◆ **Work instruction**:
Write out the listing below in its entirety, minus the pictures, without changing a word.

◆ **Supplied information**:
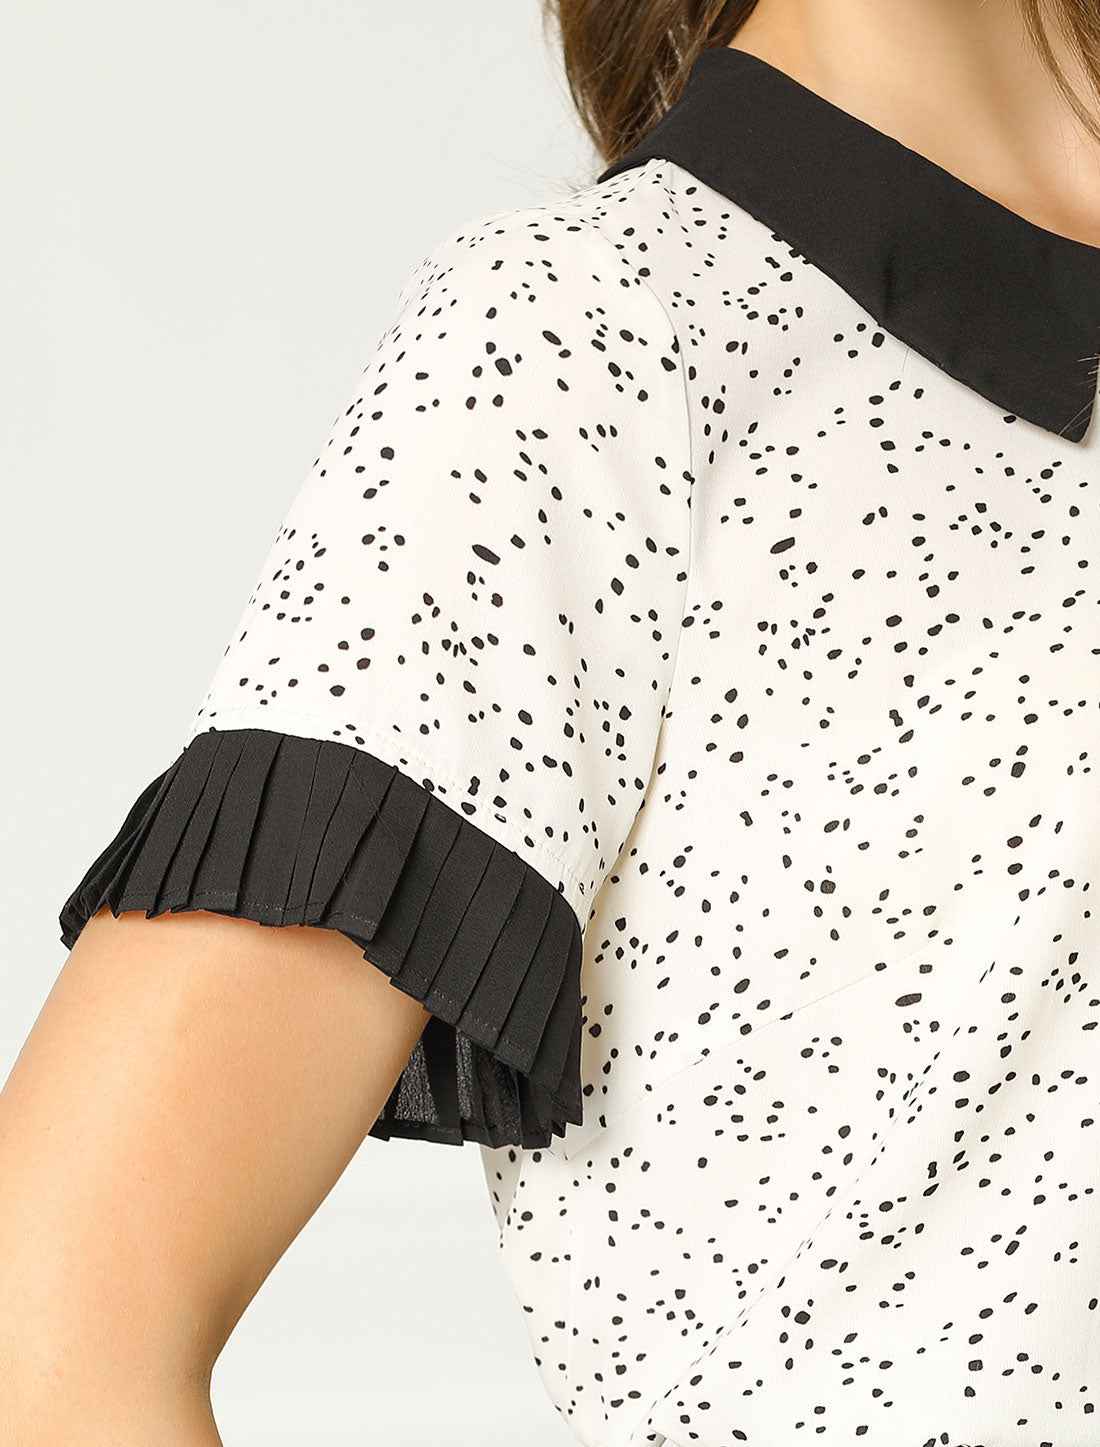 Allegra K Contrast Doll Collar Polka Dots Tops Short Sleeve Blouse
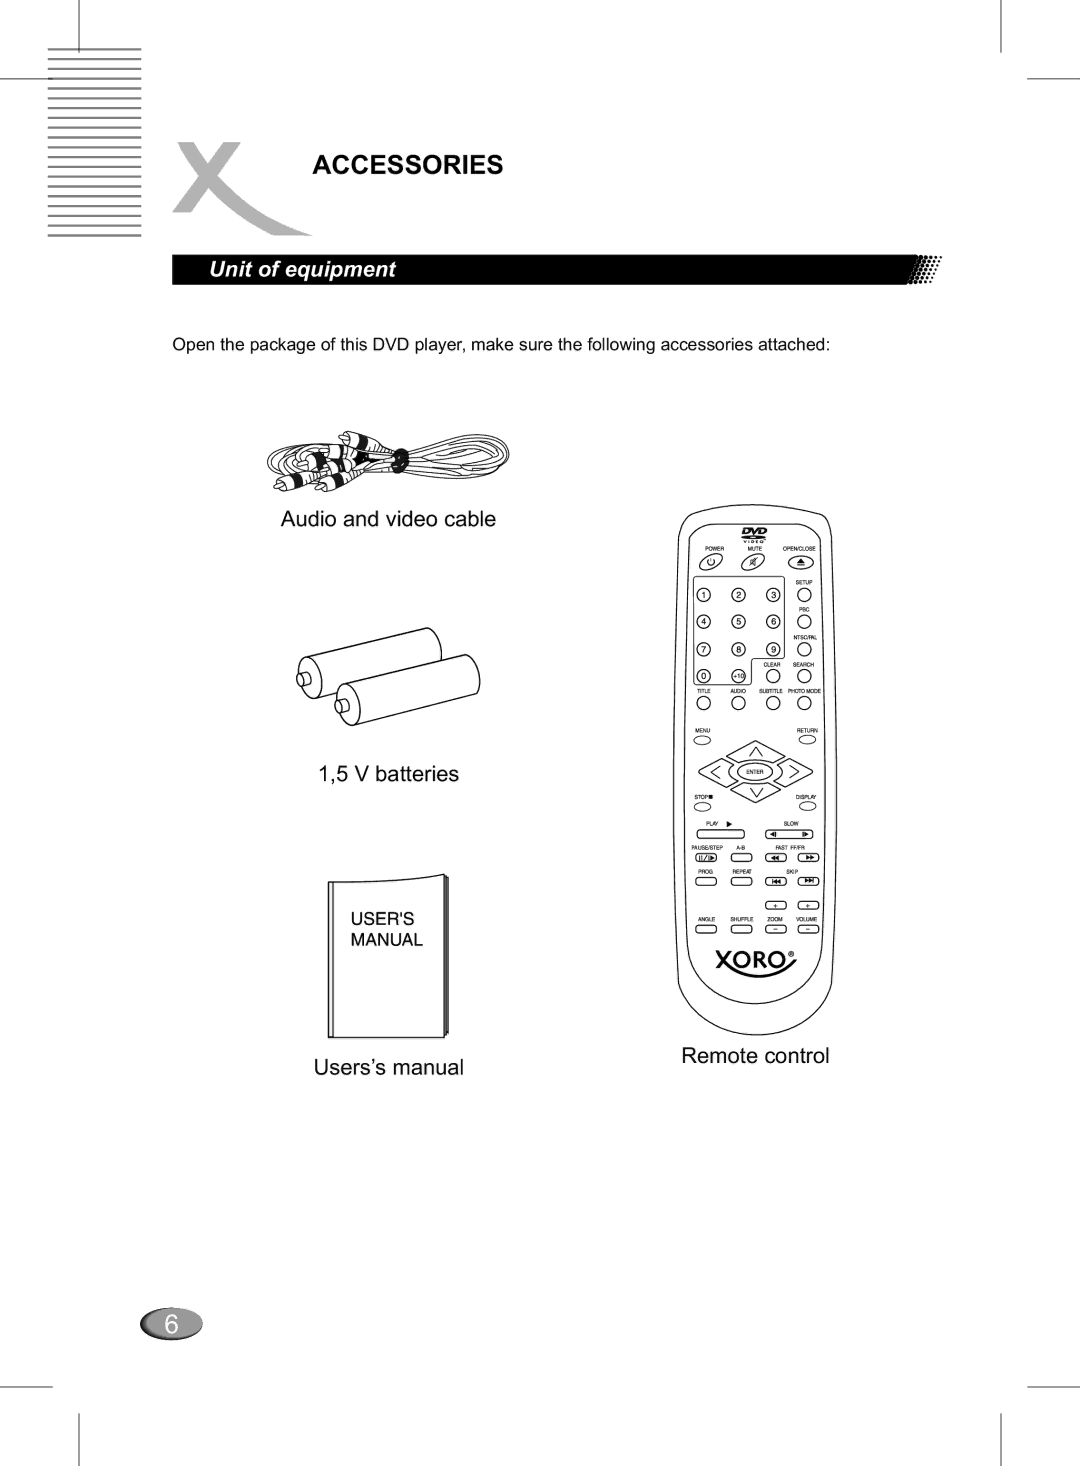 Xoro MPEG4 manual Accessories, Unit of equipment 
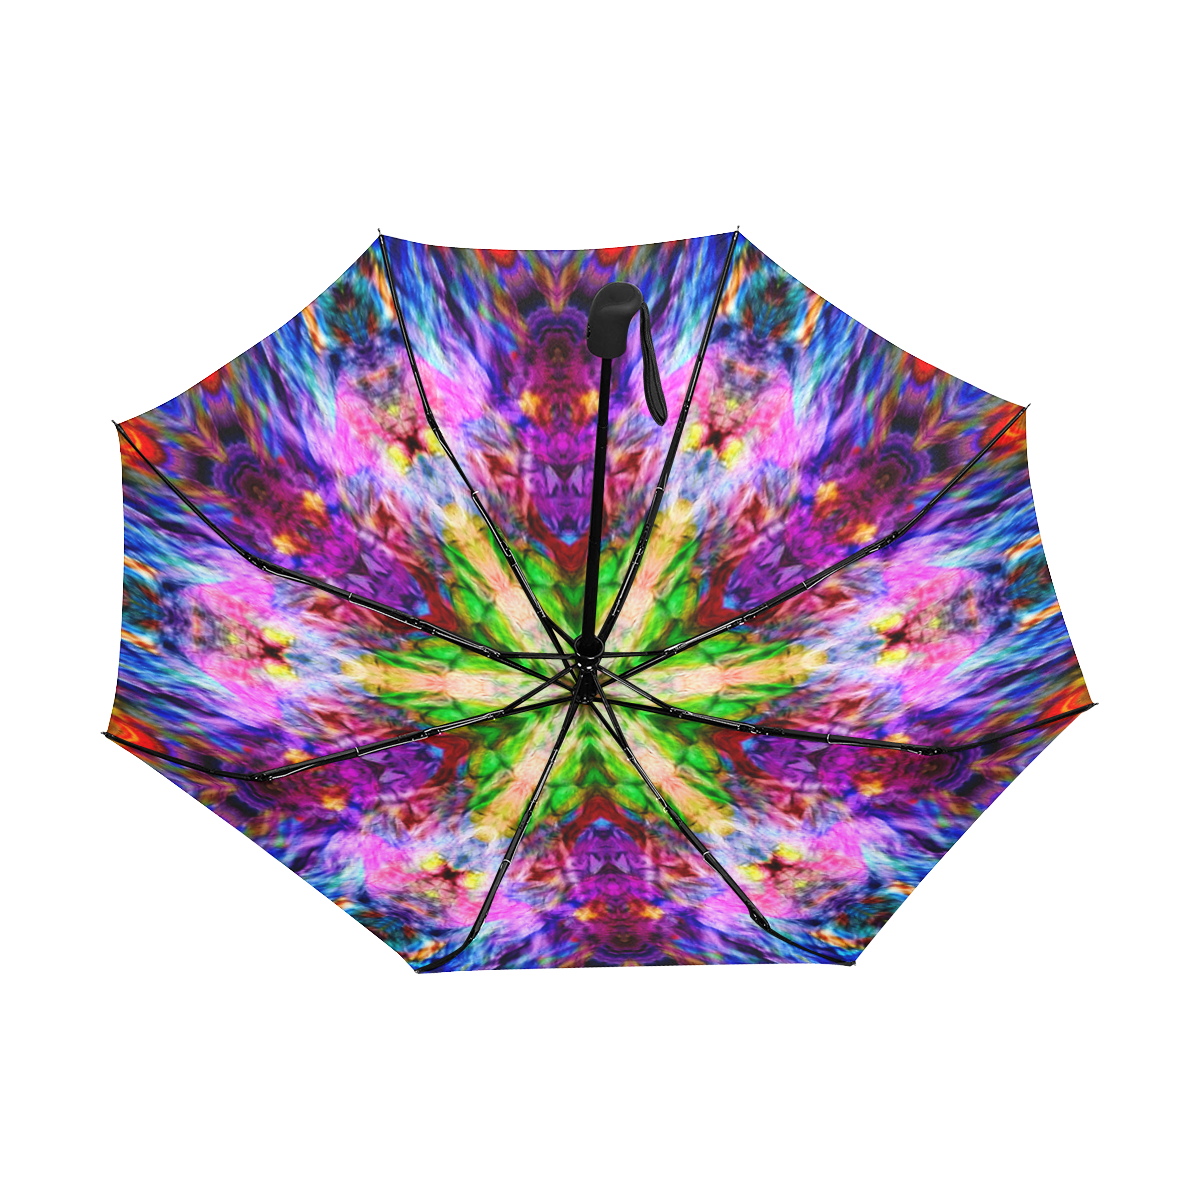 Multi-colored Crochet Anti-UV Auto-Foldable Umbrella (Underside Printing) (U06)

◆ **Exercise solution**:
 Allegra K Contrast Doll Collar Polka Dots Tops Short Sleeve Blouse
 Xoro MPEG4 manual Accessories, Unit of equipment 
 Multi-colored Crochet Anti-UV Auto-Foldable Umbrella (Underside Printing) (U06)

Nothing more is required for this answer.